Notice that, those blocks which do not have instructions in them have been left blank. Suppose that cond1 is false and cond2 is false so that the interpreter ends up following the chain of empty BasicBlocks. We notice that there is immediately some difficulty in having the interpreter transfer from ConditionalBranch(cond2) to the the first instruction of the (empty) target BasicBlock. One possible solution comes to mind: Have ConditionalBranch(cond2) attempt to iterate the following blocks until it finds one with a first Instruction. Although this will work, it feels rather kludgy, and we should continue our search for a clean design.
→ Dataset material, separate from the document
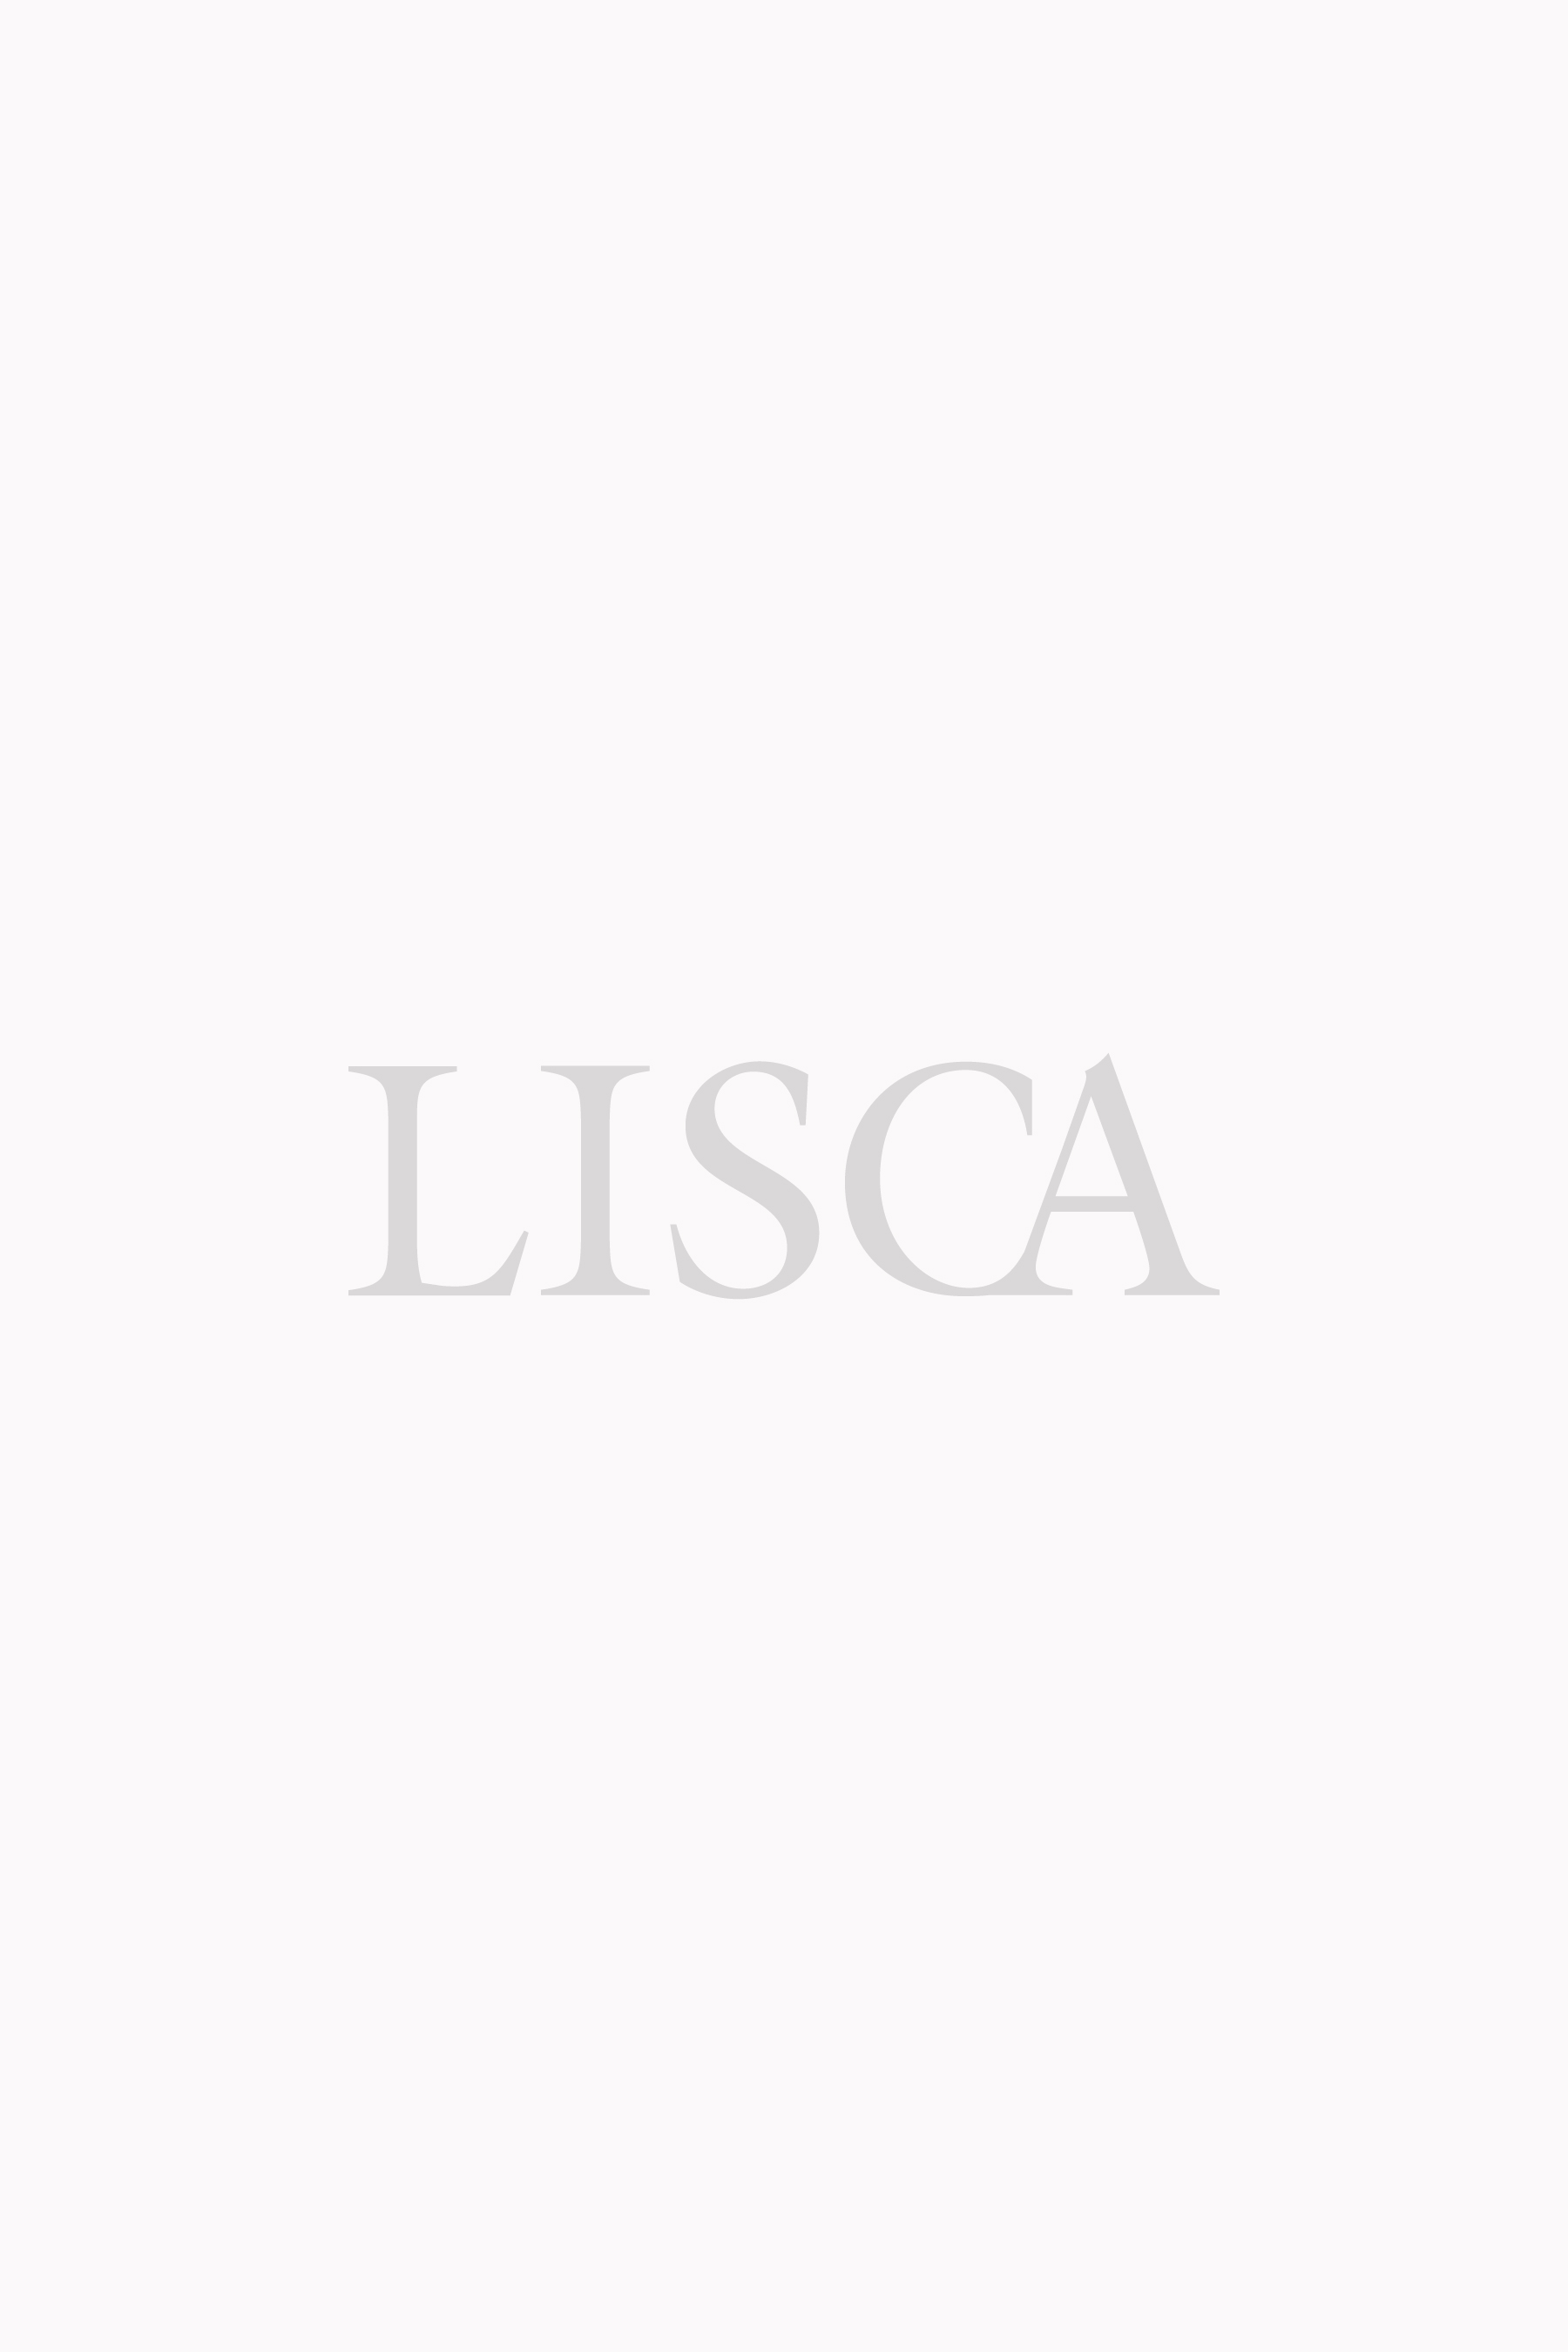 Was es vor dem Kaufen die Lisca bh zu bewerten gilt
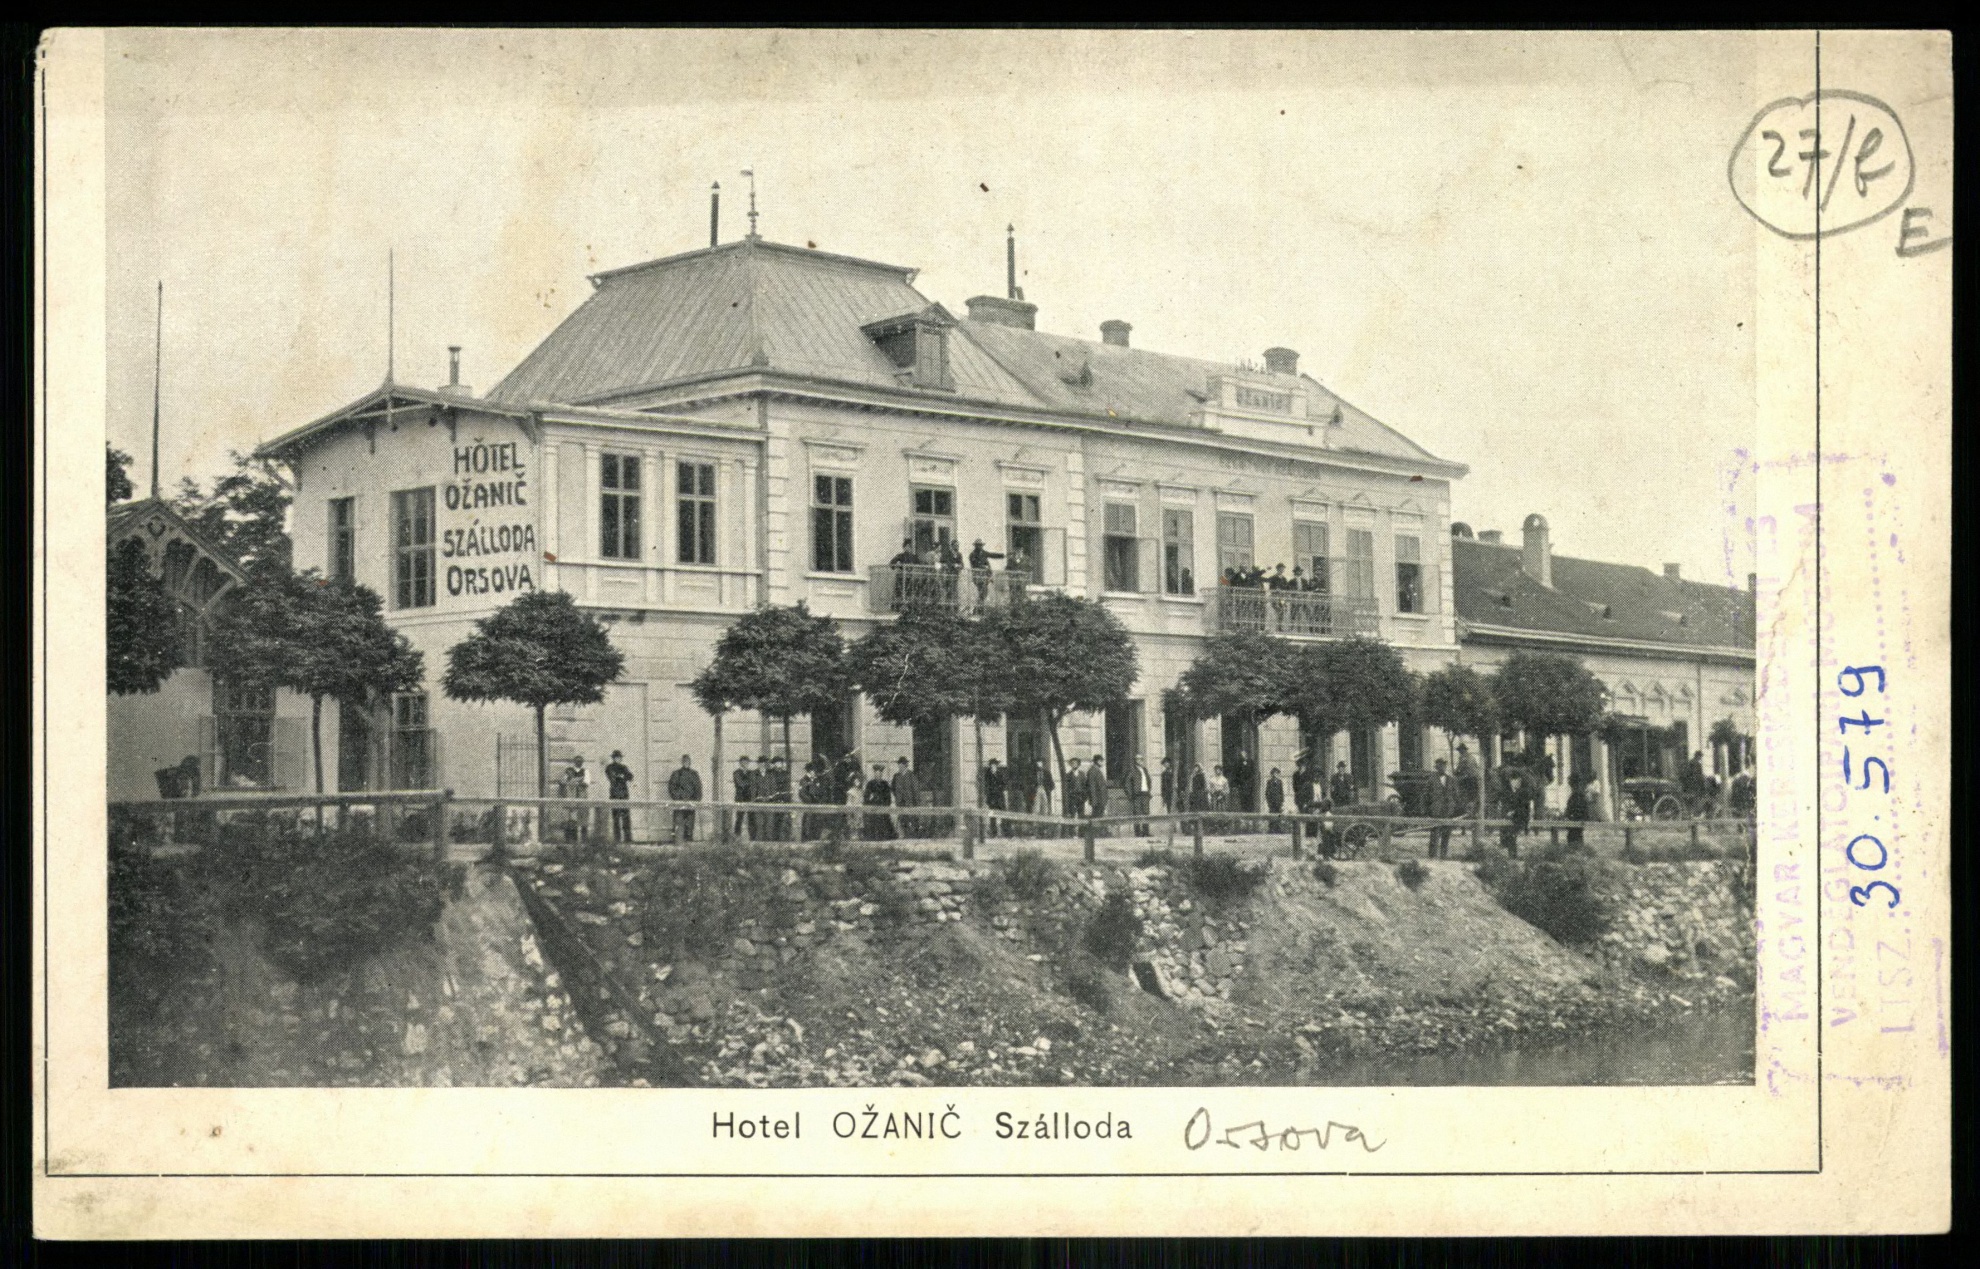 Orsova Hotel Ožanič szálloda (Magyar Kereskedelmi és Vendéglátóipari Múzeum CC BY-NC-ND)

Let’s analyze the situation in more detail. Specifically, let’s look at the last instruction of the ThenBlock. It contains code for do something 1, which has been left unspecified to emphasize the fact that it can be completely arbitrary. However, (because we are gifted with knowledge of assembly) we have advanced some foresight: when the instructions are finally emitted from the CodeGenerator in a linear stream, we must insert an UnconditionalJump which bypasses the code for the ElseBranch (assuming one exists), and lands the program counter at the first Instruction of the JoinBlock.

In our IR interpreter, the last Instruction of the code inside the ThenBlock can be arbitrary, so it will have some difficultly detecting that control should be transferred to the following JoinBlock. We can alleviate this difficulty by analogy to our foresight, and introduce an UnconditionalJump in the last BasicBlock of the ThenBranch. As with the ConditionalBranch, the UnconditionalJump will rely on the ControlFlowGraph edge (we are guaranteed only 1) of its BasicBlock to determine the following instruction during interpretation.

We now have two situations of BasicBlocks which end in a kind of control transfer Instruction:

  1. If-Headers and Loop-Headers, which end in a ConditionalBranch Instruction.
  2. The Last BasicBlock of a ThenBranch, which ends in an UnconditionalJump.

The explicit control transfer in these situations allows the interpreter to easily determine the next instruction, even though it lies in a different BasicBlock. That is, in these two cases, the interpreter does not need to know about the existence of BasicBlocks. Due to this advantage, we should try to arrange one of these two situations to our current concern: the empty BasicBlocks in the ElseBranch.

Only one of the two previous instructions applies: the UnconditionalJump. It certainly doesn’t hurt the semantics of the ControlFlowGraph to insert an UnconditionalJump at every edge (even fallthrough edges). So we can safely coin the invariant: All BasicBlocks end with a control transfer Instruction (ConditionalBranch or UnconditionalJump). This invariant unifies our design, and allows the interpreter to iterate only over Instructions.

Additionally, we now also have at least one Instruction (the UnconditionalJump) in every BasicBlock! So, we can positively guarantee that a ConditionalBranch is able to return the first Instruction of its target BasicBlock. Indeed, all control transfer Instructions are able to do likewise.